Detailed Description
The technical solutions in the embodiments of the present invention will be clearly and completely described below with reference to the drawings in the embodiments of the present invention, and it is obvious that the described embodiments are only a part of the embodiments of the present invention, and not all of the embodiments. All other embodiments, which can be derived by a person skilled in the art from the embodiments given herein without making any creative effort, shall fall within the protection scope of the present invention.
Example one
Referring to fig. 1-6, the present invention provides a technical solution: a text error correction method suitable for a specific vertical field comprises the following steps:
s1, importing the text into a pre-trained Bert error correction model to perform text word sense error correction;
s11, segmenting the text into short sentences according to punctuation marks;
s12, performing mask processing on the first word in the short sentence;
s13, carrying out short sentence prediction on the words subjected to mask processing through a pre-trained Bert error correction model, and storing all prediction results in a first list, wherein the prediction results in the first list are arranged in a sequence from large to small according to prediction scores;
s131, if the masked word is in the first list, the masked word is regarded as correct;
s132, if the masked characters are not in the first list, all common characters with the same pronunciation as the masked characters are obtained according to the pinyin and stored in a second list;
s1321, if the same word exists in the first list and the second list, regarding the masked word as a wrongly-written word, and selecting the word with the highest prediction score from the first list to replace the masked word so as to achieve the purpose of error correction;
s1322, if the words in the first list and the second list are not consistent, the masked words are regarded as correct;
s14, after the first character of the short sentence is judged, the next character in the short sentence is subjected to mask processing and the step S13 is repeated until all Chinese characters in the text are detected and corrected;
s2, guiding the text corrected by the Bert error correction model into the pinyin error correction model, performing secondary error correction, and performing enhancement aiming at the vertical field, wherein the Bert error correction model may not find errors or even change the originally correct words into the errors based on the corpus because a plurality of proper nouns which can be used in the small scene exist;
for example, a long positive bank card is broken into a long symbolic bank card by a text error, and the error may not be sensed only by semantic error correction of a Bert error correction model, so that a pinyin error correction model is used for reinforcement, and proper nouns of small scenes, such as the names of the Wuhua eight men in the field of banks, are stored in a database together with corresponding pinyin and word numbers, such as [ "great wall credit card", "chang + cheng + xin + yon + yong + ka", 5 ];
s21, converting all texts subjected to error correction by the Bert error correction model into pinyin;
s22, comparing the pinyin of the hot word with the pinyin of the text in sequence from small to large according to the number of words;
s23, when the hot word pinyin and the text pinyin are completely the same, replacing the part of the text which is the same as the hot word pinyin with the hot word;
s24, repeating the step S22 and the step S23 until all hotwords are checked.

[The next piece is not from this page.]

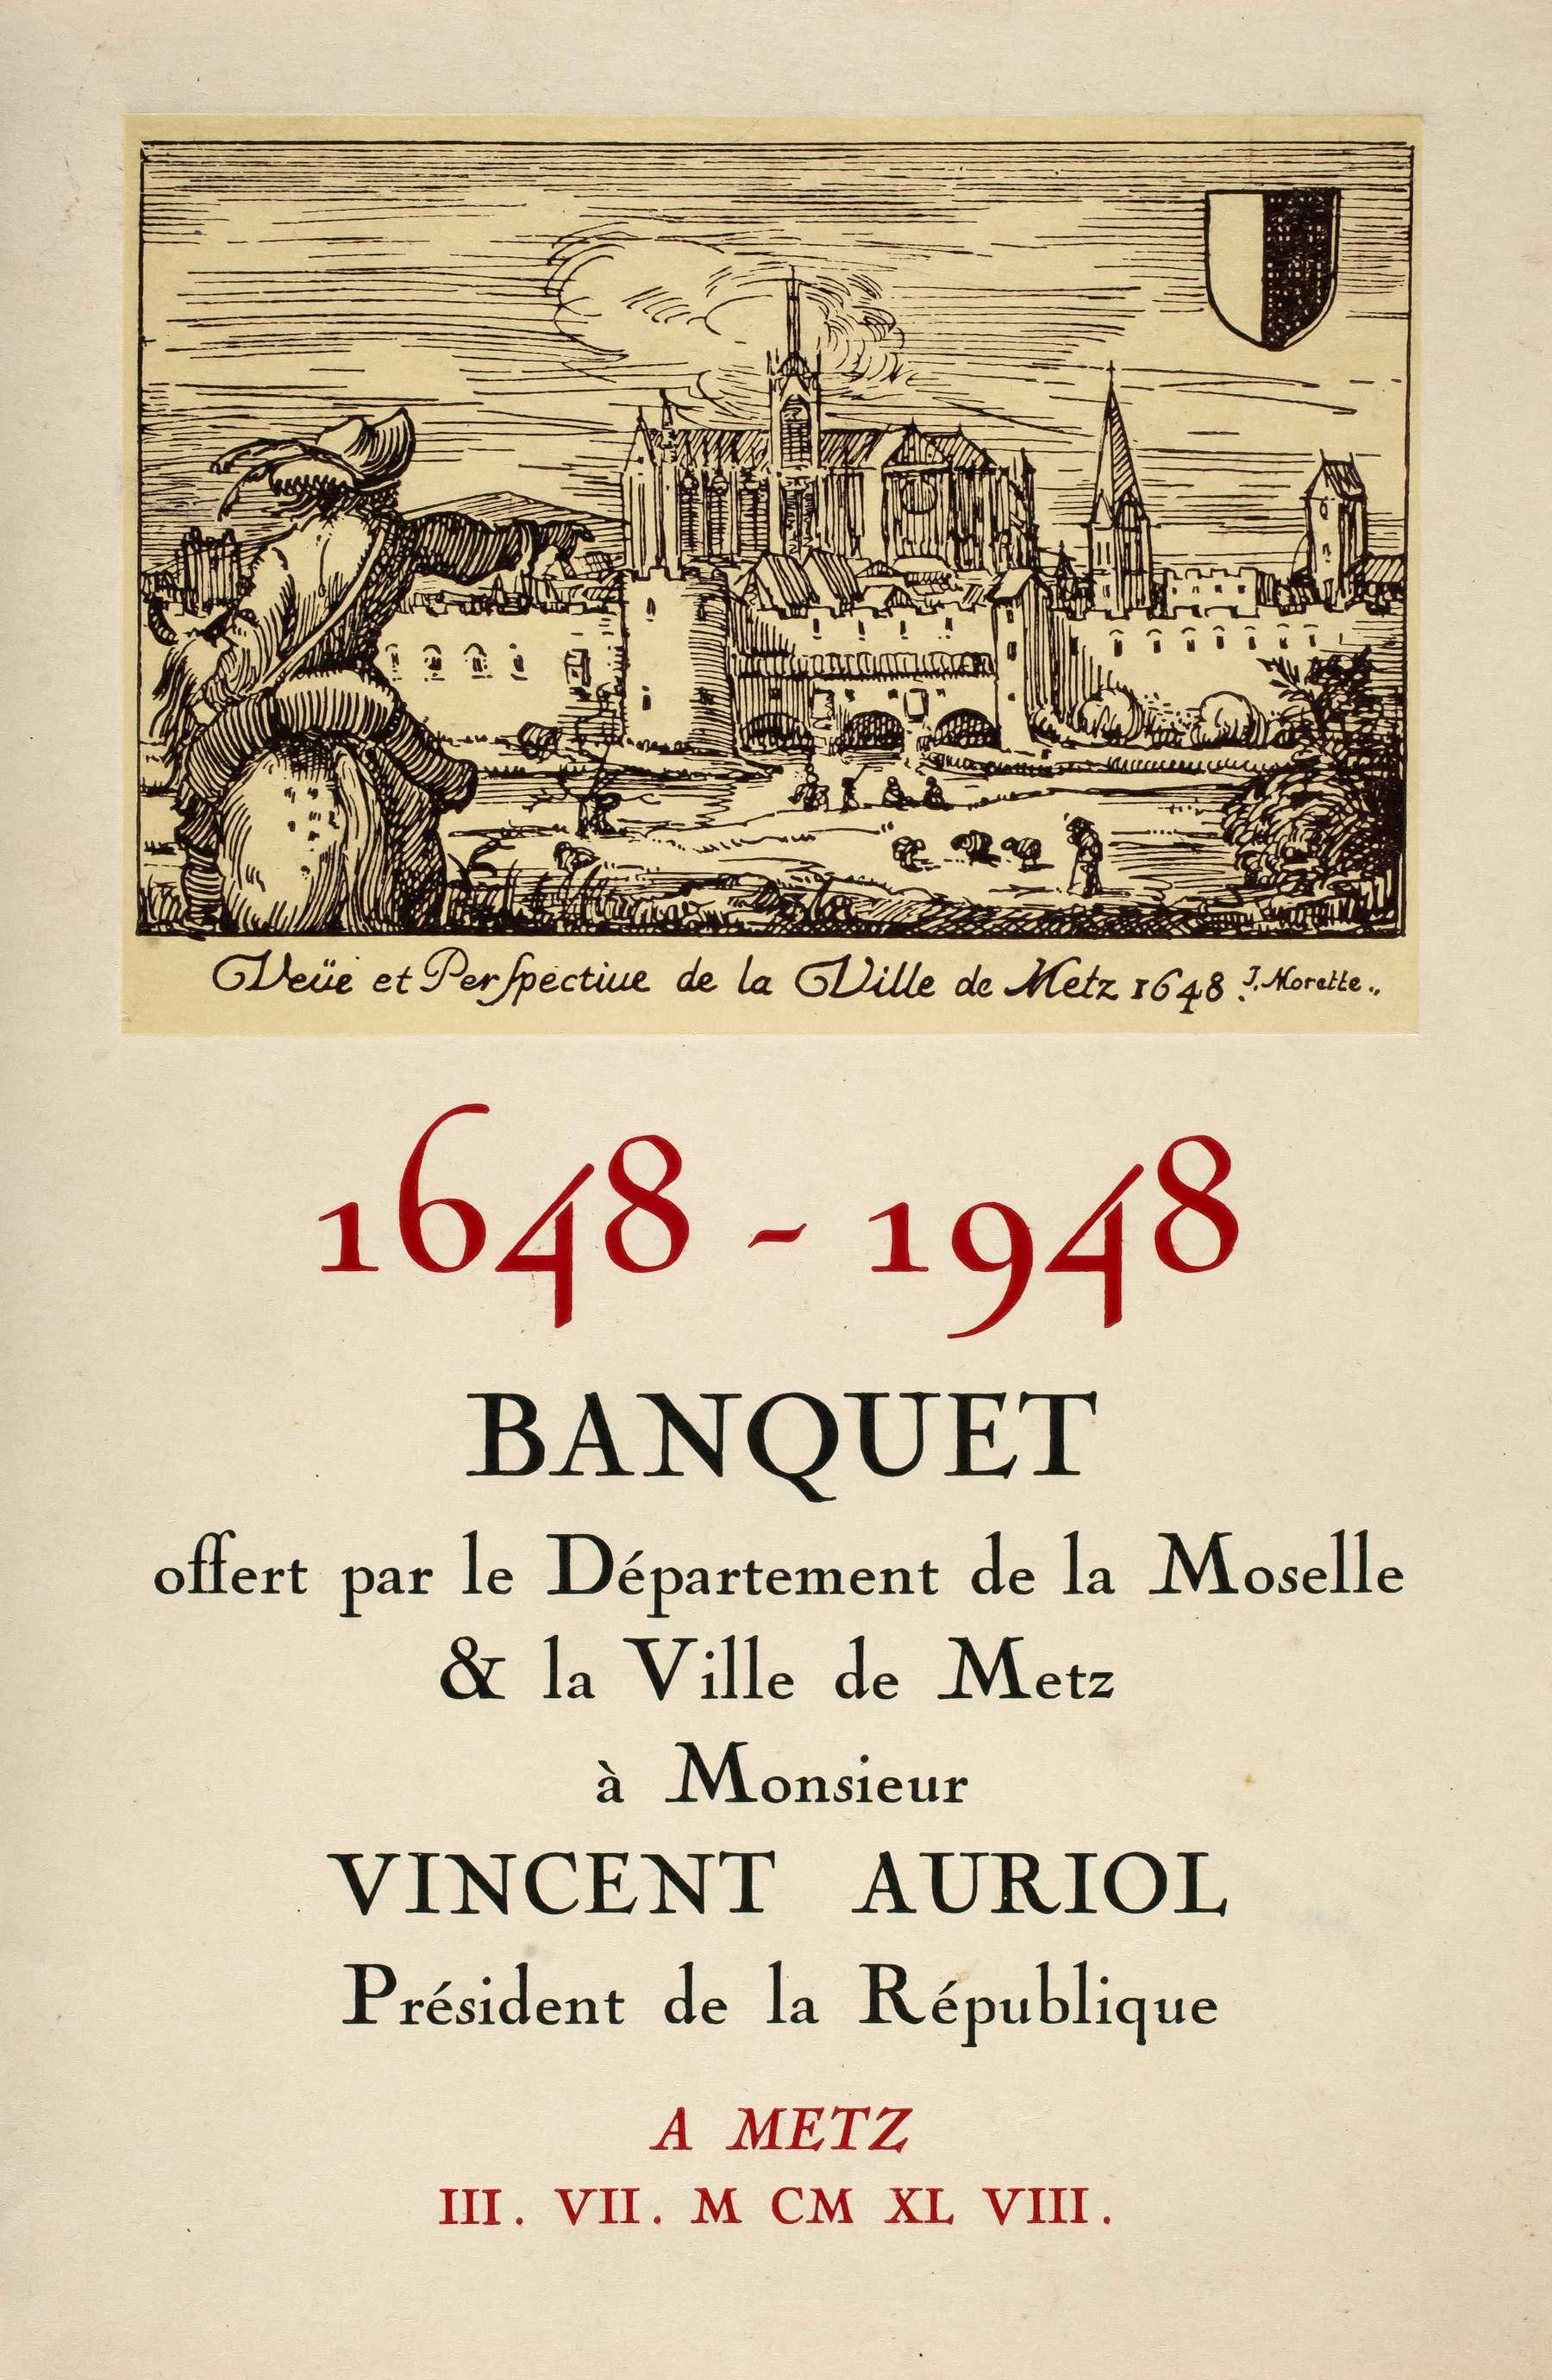 Contenu du 1648-1948 – Banquet offert par le Département de la Moselle & la Ville de Metz à Monsieur Vincent Auriol, Président de la République

S3, importing the text subjected to the secondary error correction by the pinyin error correction model into a hot word replacement rule model for carrying out third error correction, and further processing the text subjected to the pinyin error correction by using the hot word replacement rule model in order to further optimize an error correction result, wherein the texts such as spoken languages and dialects are possibly ignored by semantic error correction of a Bert error correction model, and meanwhile, the pinyin error correction model can also disregard the texts because the difference between the texts and the pronunciation of proper nouns is huge;
for example, the text needed by us is "personal credit", but the text input is "private credit", for the Bert error correction model, the semantic meaning of "private credit" is not problematic, and meanwhile, "si + ren + dai", 3 "is obviously different from" ge + dai ", 2", and pinyin error correction cannot respond;
for another example, "me" has several different reading methods in chinese, such as "me", "your", etc., these words can not be recognized by the Bert error correction model and the pinyin error correction model, so we use the hot word replacement rule model to correct the errors of these texts and replace them with the words we need;
s31, importing the text subjected to the secondary error correction by the pinyin error correction model into a hot word replacement rule model;
and S32, traversing the text by using the key list, replacing the key detected by the text with a corresponding value when the key is a word needing error correction, namely the corresponding correct word, and outputting the final error-corrected text.
Please refer to fig. 4 and 5, a text error correction device suitable for a specific vertical field includes a pre-trained Bert error correction model, a pinyin error correction model, and a hot word replacement rule model, where the Bert error correction model is a Multi-layer bidirectional Transformers encoder, an Embedding of the Bert error correction model is formed by summing three Embeddings, which are Token Embedding, Segment Embedding, and Position Embedding, respectively, the Bert error correction model uses Multi _ Head attribute to encode, and performs dimension expansion on the input Embedding to obtain three dimensions of Key, Query, and Value, and performs Multi _ Head division on each dimension, and each divided Head performs self-entry with other words to obtain a new vector, and then performs linear conversion on the new vector of each Head, and performs linear conversion on a weight matrix to obtain a final Multi-Head Attention Value;
the Bert error correction model depends on Multi _ Head attachment and bidirectional encoding to enable unsupervised learning of the model to be more effective, because a Transformer is used, the Bert error correction model is more efficient than previous models and can capture dependence of longer distance, bidirectional context information in the true sense can be captured, and in order to enable the Bert error correction model to play a better effect in the vertical field, the Bert error correction model is trained by adding linguistic data in the relevant vertical field in the linguistic data, so that the identification capability of the Bert error correction model in the field is improved.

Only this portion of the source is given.